_What the exercise asks_:
Return nothing but the lines from the one with "Girls on the" through the one with "summary of patents for Lanxess International" in the data below, word for word and without pictures.

_Extracted information_:
========================

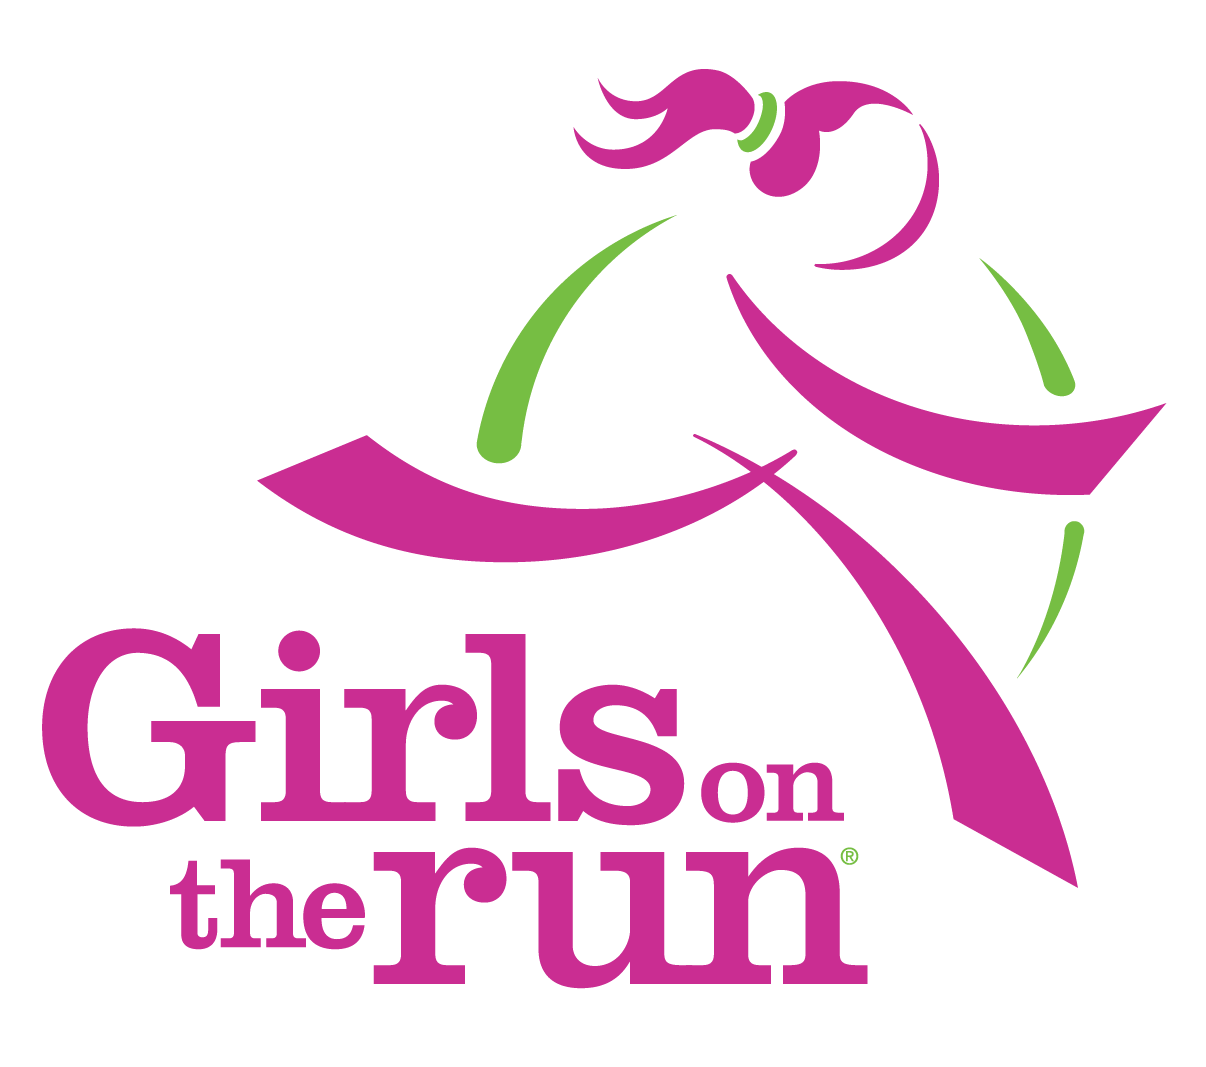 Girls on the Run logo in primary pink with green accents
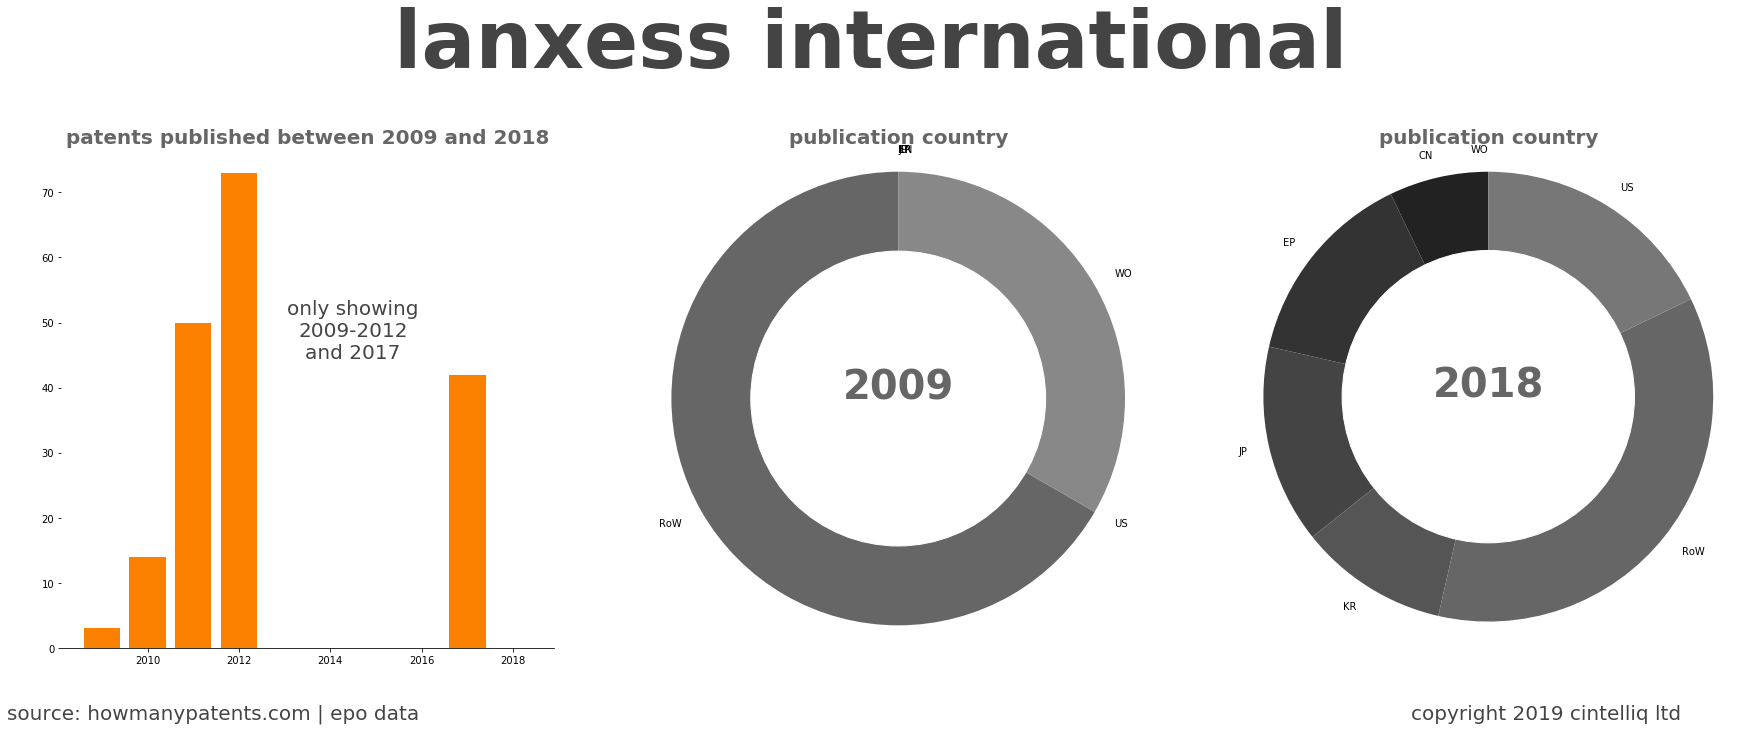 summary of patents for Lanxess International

========================

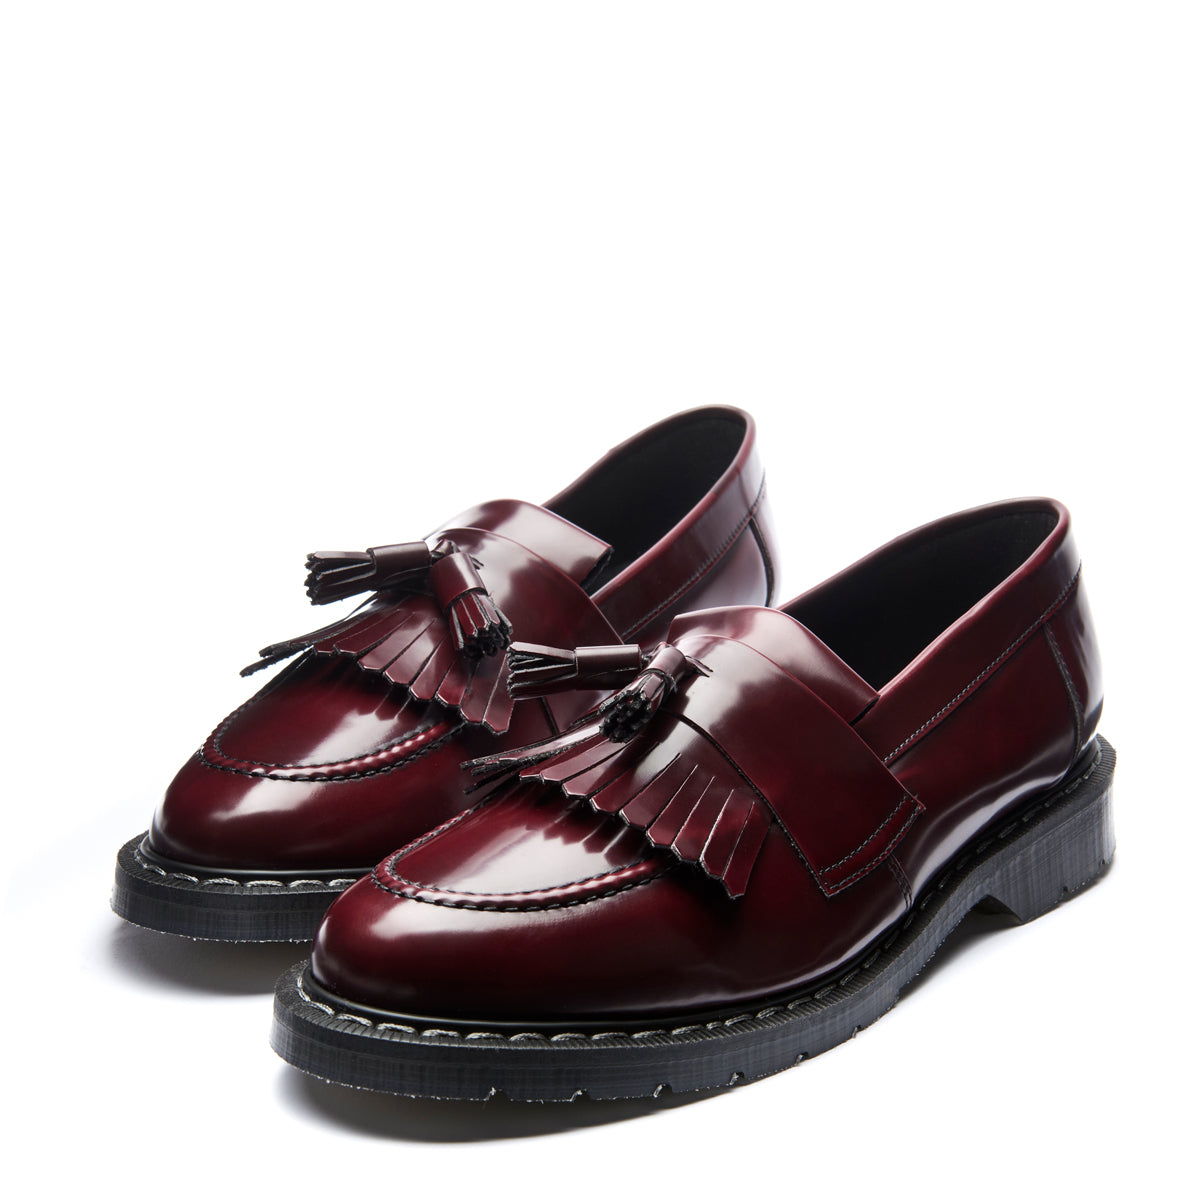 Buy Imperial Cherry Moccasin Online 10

========================

_Exercise answer_:
 Girls on the Run logo in primary pink with green accents
 summary of patents for Lanxess International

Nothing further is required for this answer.